From videos sent, texts messaged, phone calls made, or emails sent, all are to be documented in the CRM (and, preferably, sent from the CRM. If you’re doing segmented messages to small groups, those too should be completed in the CRM. If you’re doing a large-scale email blast as part of an email marketing campaign, those are ideally sent from the servers of a 3rd party provider. No way do you want to send out 100,000 emails from your own account where if enough people opt-out and enough ISPs (Internet Service Providers) question the sender, it is your IP address getting blacklisted.
So here is how to distinguish what messaging goes from where and to whom:
Inbound Sales Process / Lead Management:
- Individual messages sent from one agent to one prospect.
- Must be individualized and personalized; meant to look like the words chosen were “crafted”, but the overall email was not “designed”.
- Creates a conversation by addressing their inquiry and asking questions to build a dialogue.
- Ideally plain text and read as if it is from an actual employee writing it.
- Needs to happen from and within the CRM.
- Can be sent every day if desired, but best if outbound emails are broken up to allow for engagement and not overwhelm.
Segmented Email:
- A similar message sent from one agent to several prospects (think 2 – 100 customers).
- Needs to be personalized down to customer name merge field inserts and product.
- Limited HTML and imagery, with a customized call-to-action.
- Ideally sent from your own Customer Relationship Management tool.

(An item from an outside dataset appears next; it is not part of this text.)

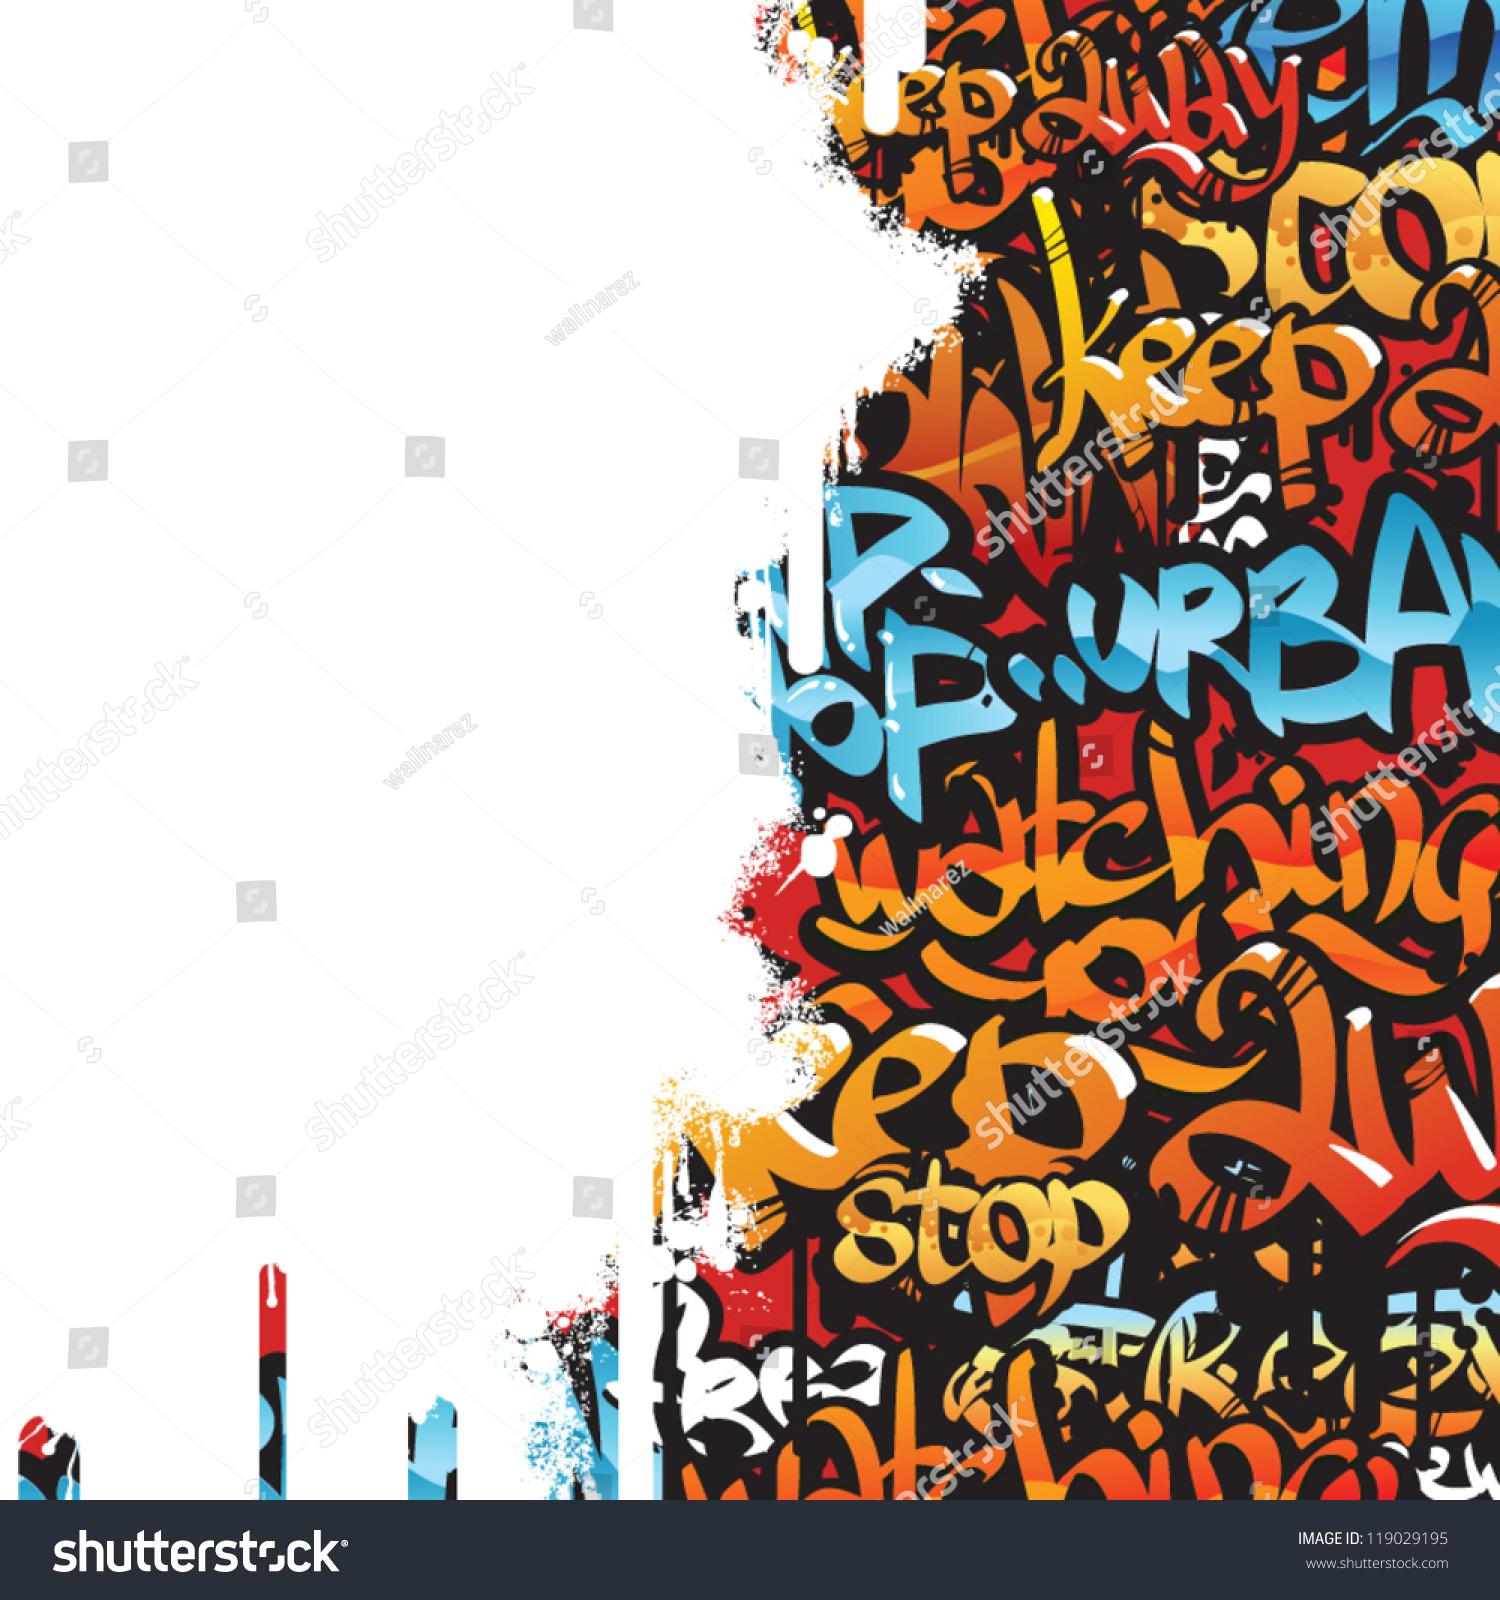 Graffiti Vector Background Design Simple Text Stock Vektorgrafik

- Sent monthly with most updated specials/sale/product information.
Email Marketing:
- Advertising message regarding specials, sales, or events. (think 100 – 50,000 customers).
- Able to accommodate your own database of customers, or purchased customer profile lists.
- Can be used for data-mining purposes, or simply conquest.
- Professionally designed with links to the website, product/pricing information, dynamic graphics and call-to-actions throughout.
- Best if sent through a 3rd party provider’s servers and IP addresses to prevent blacklist.
- Tends to have the lowest percentage of engagement.
- Sent quarterly so as not to drown the public with noise.
Once you distinguish the different between your inbound sales process strategy and your email marketing campaign tactics, you will be able to better identify the right message to meet your audience. You will endear your brand to the public while engaging interested prospects with peer-to-peer communication. Know the difference between these strategies and you know how to sell today’s shoppers.